Task item =
All that is needed is the lines from the one containing "Let's Travel Leaves SVG Cut File" through the end of the listing, printed exactly, with no pictures among them.

Given material =
== == ==

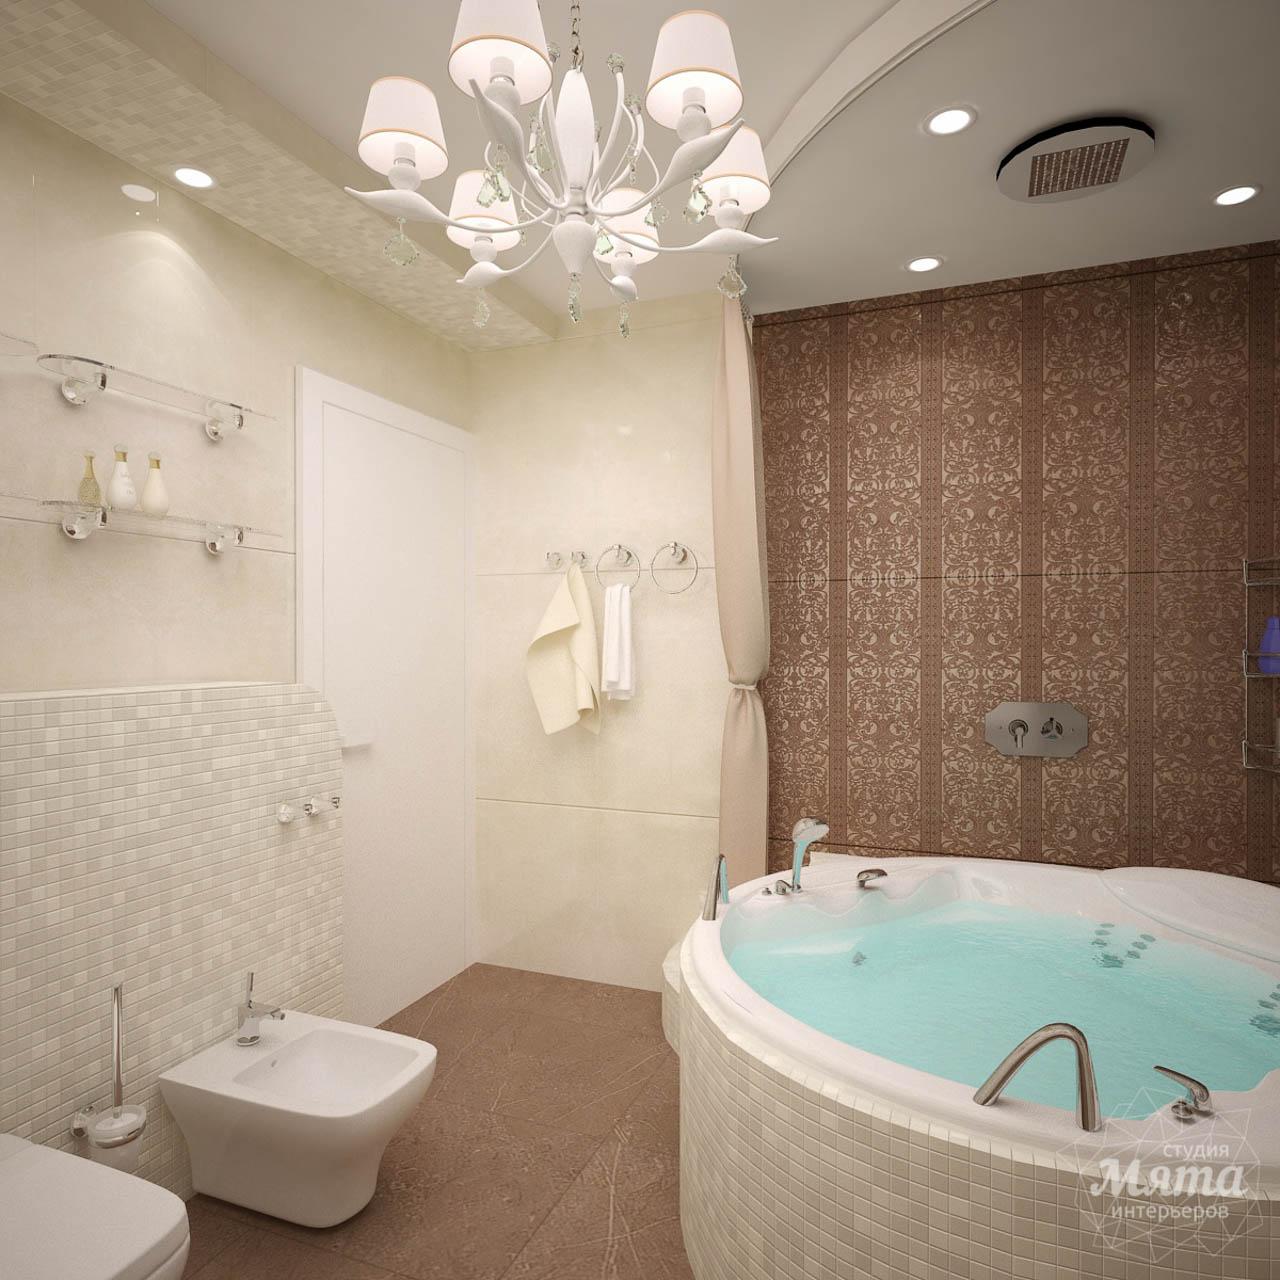 Дизайн интерьера четырехкомнатной квартиры по ул. Шевченко 18 img1716096935
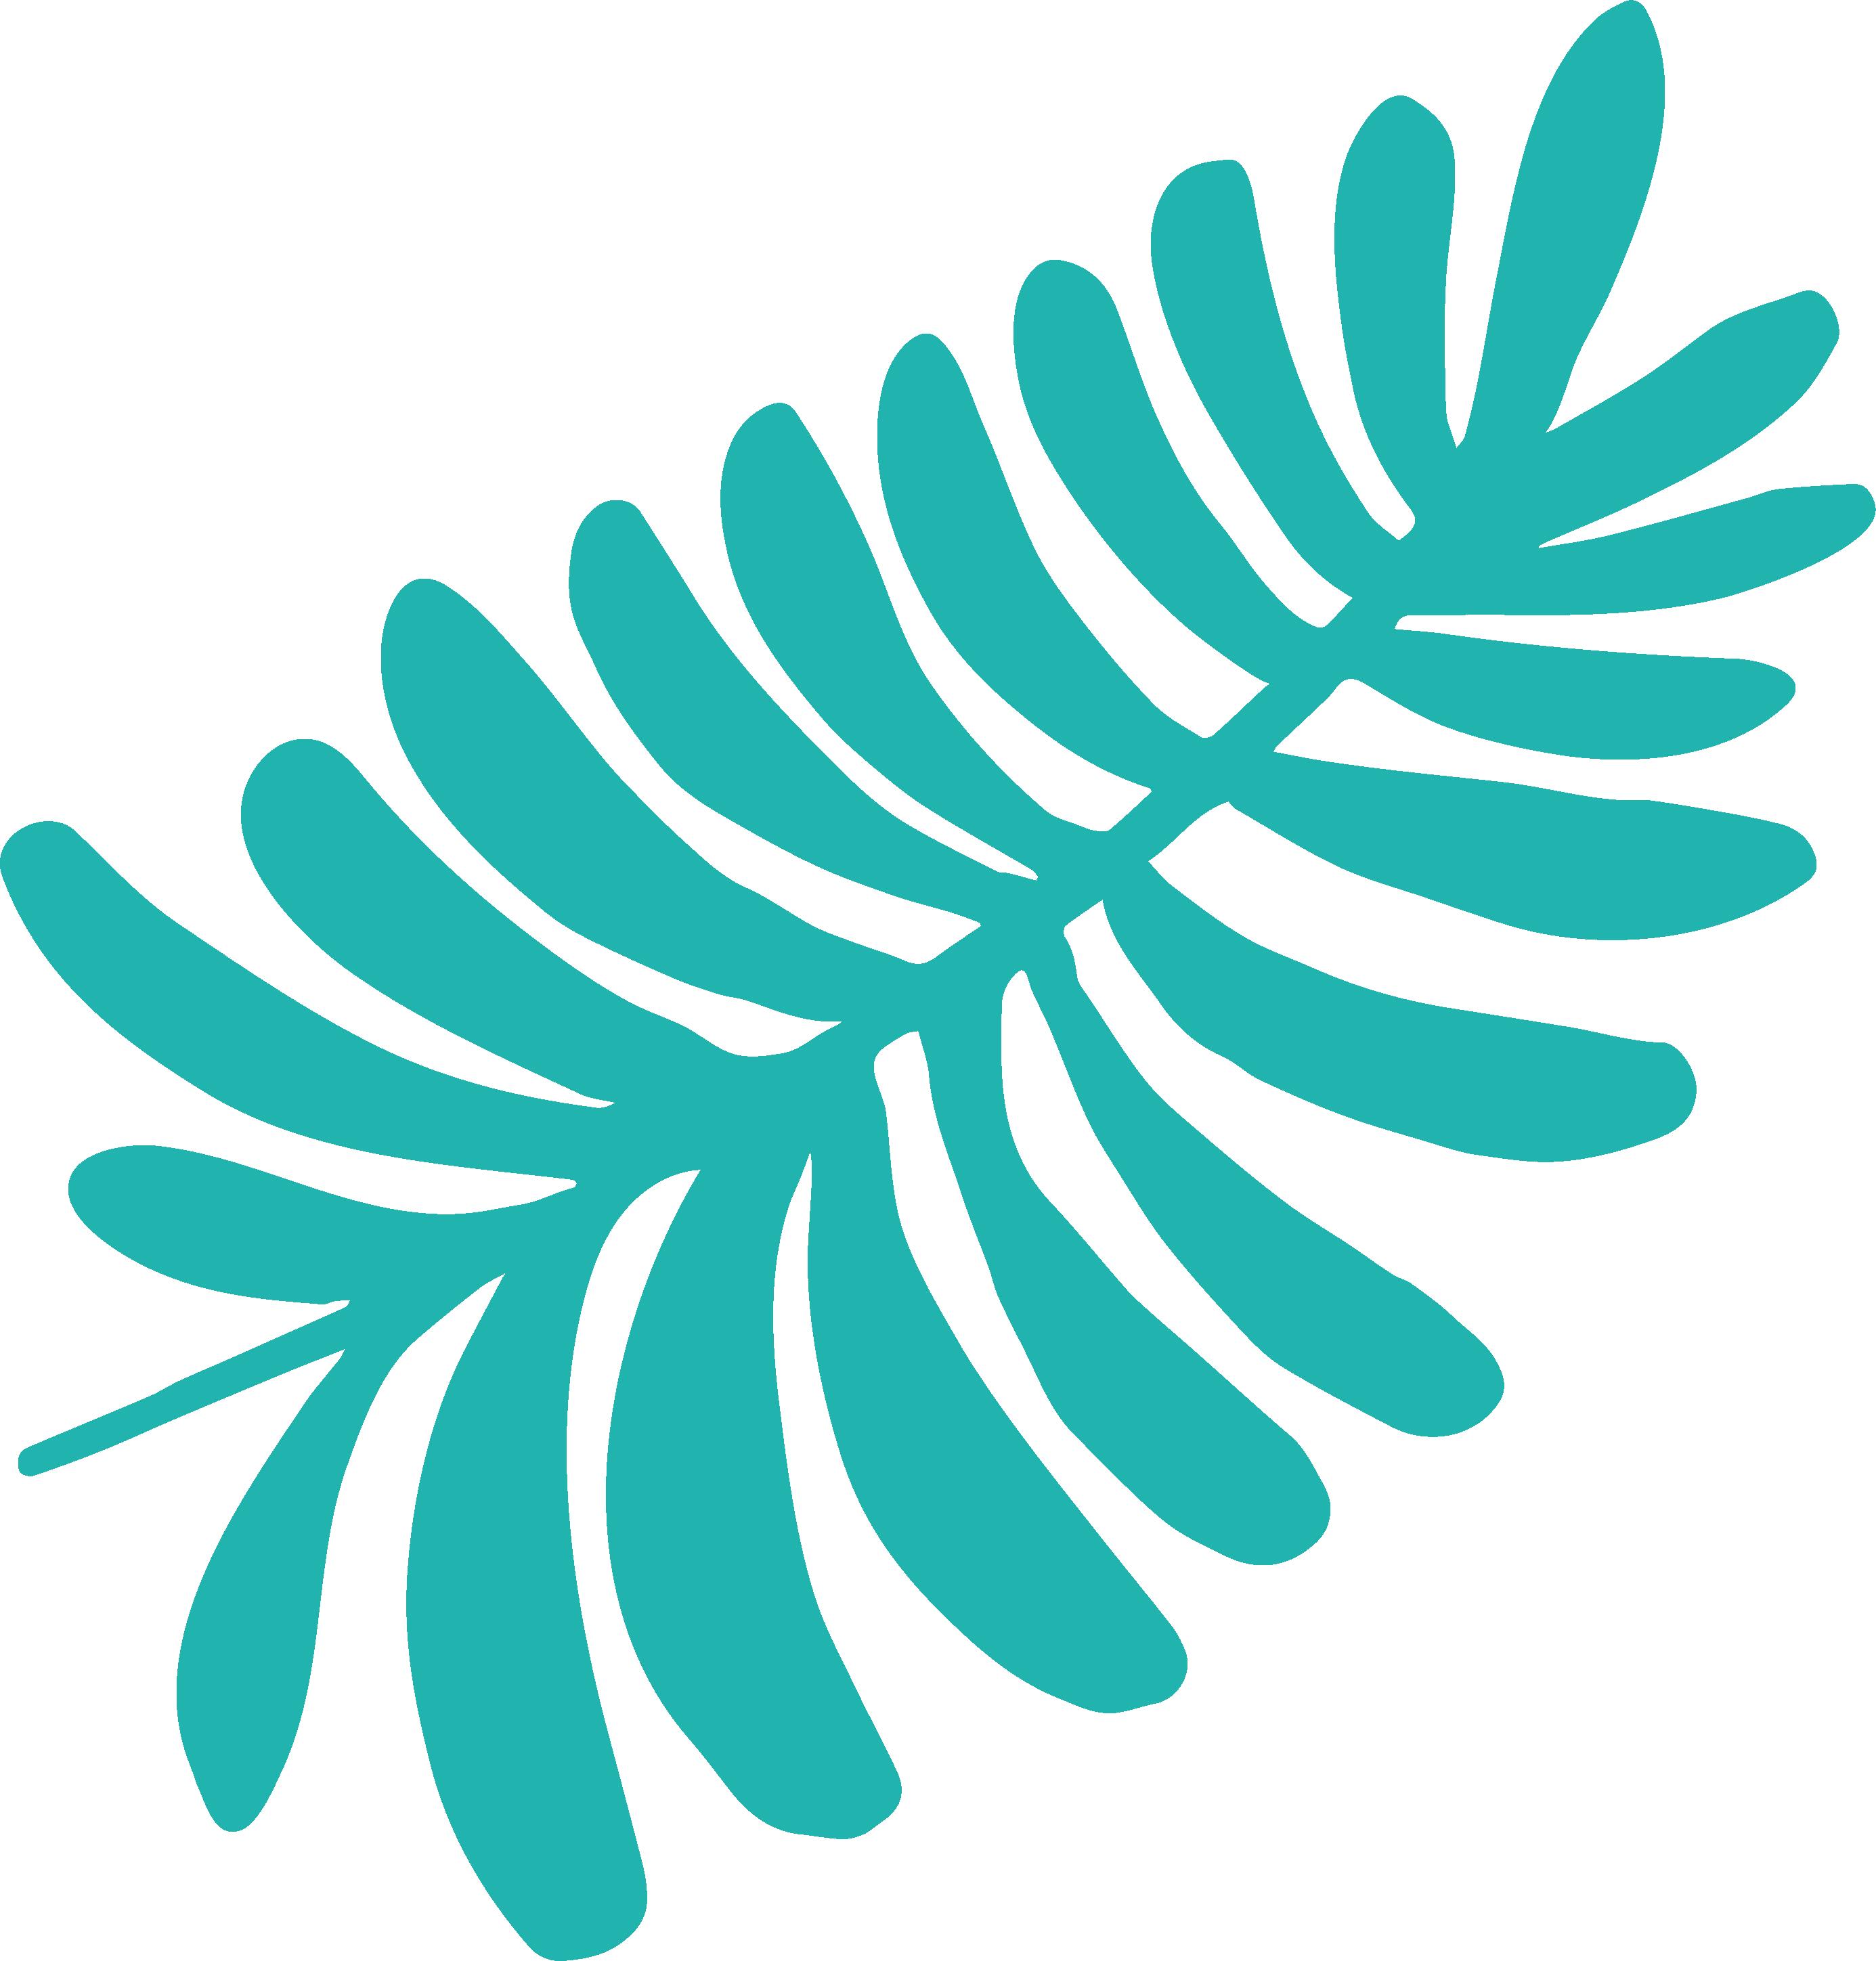 Let's Travel Leaves SVG Cut File
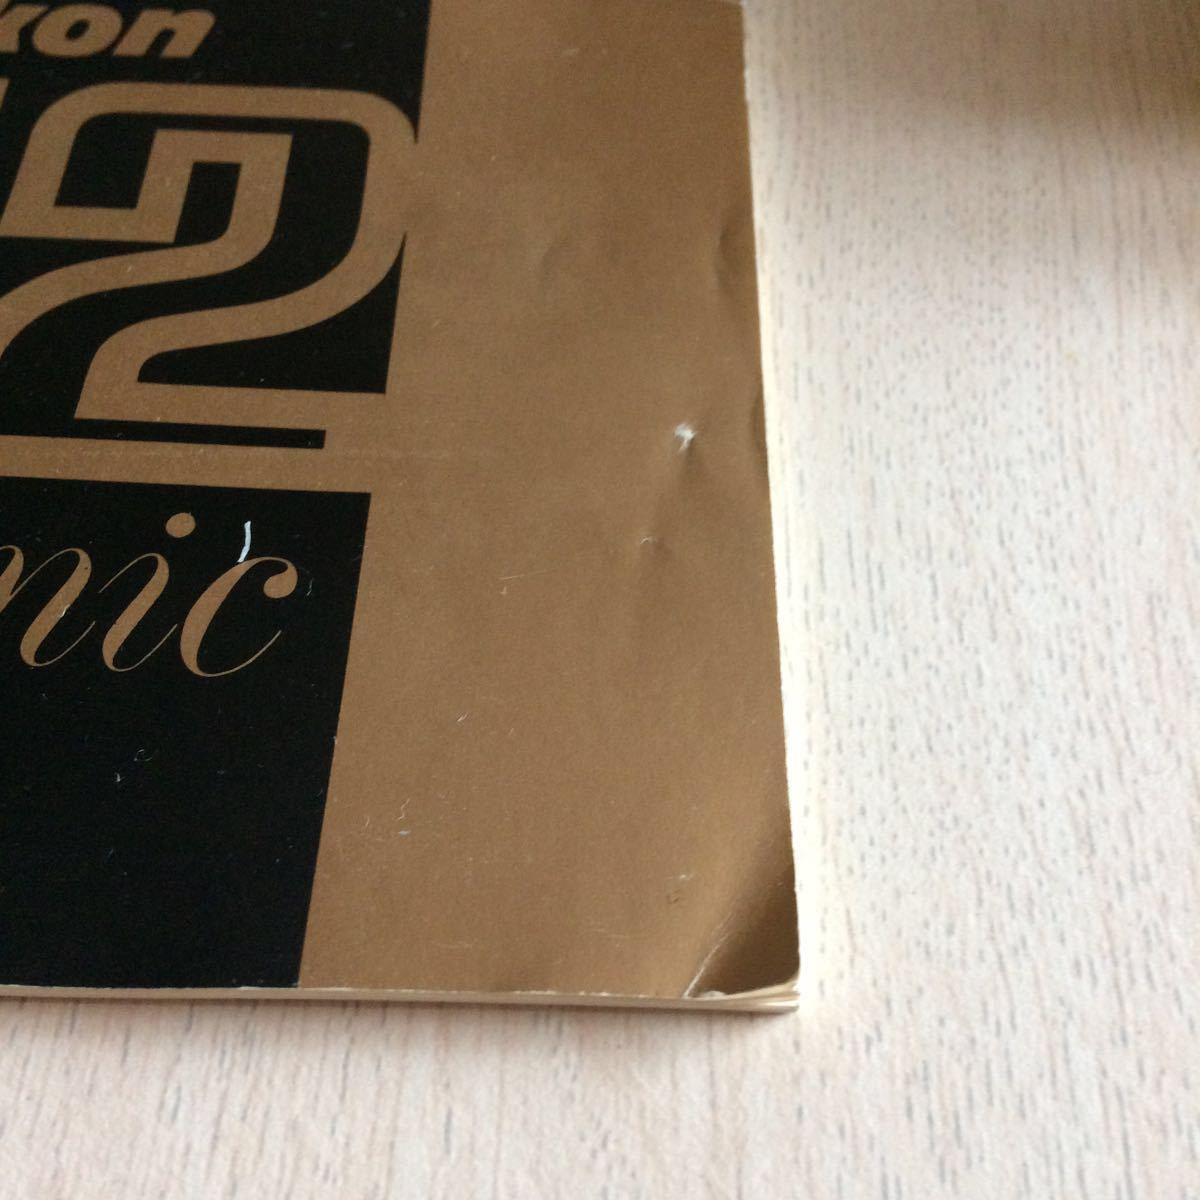 ニコン Nikon F2 取扱説明書 Nikonスピードライト_画像2

== == ==

Solution to this exercise =
 Let's Travel Leaves SVG Cut File
 ニコン Nikon F2 取扱説明書 Nikonスピードライト_画像2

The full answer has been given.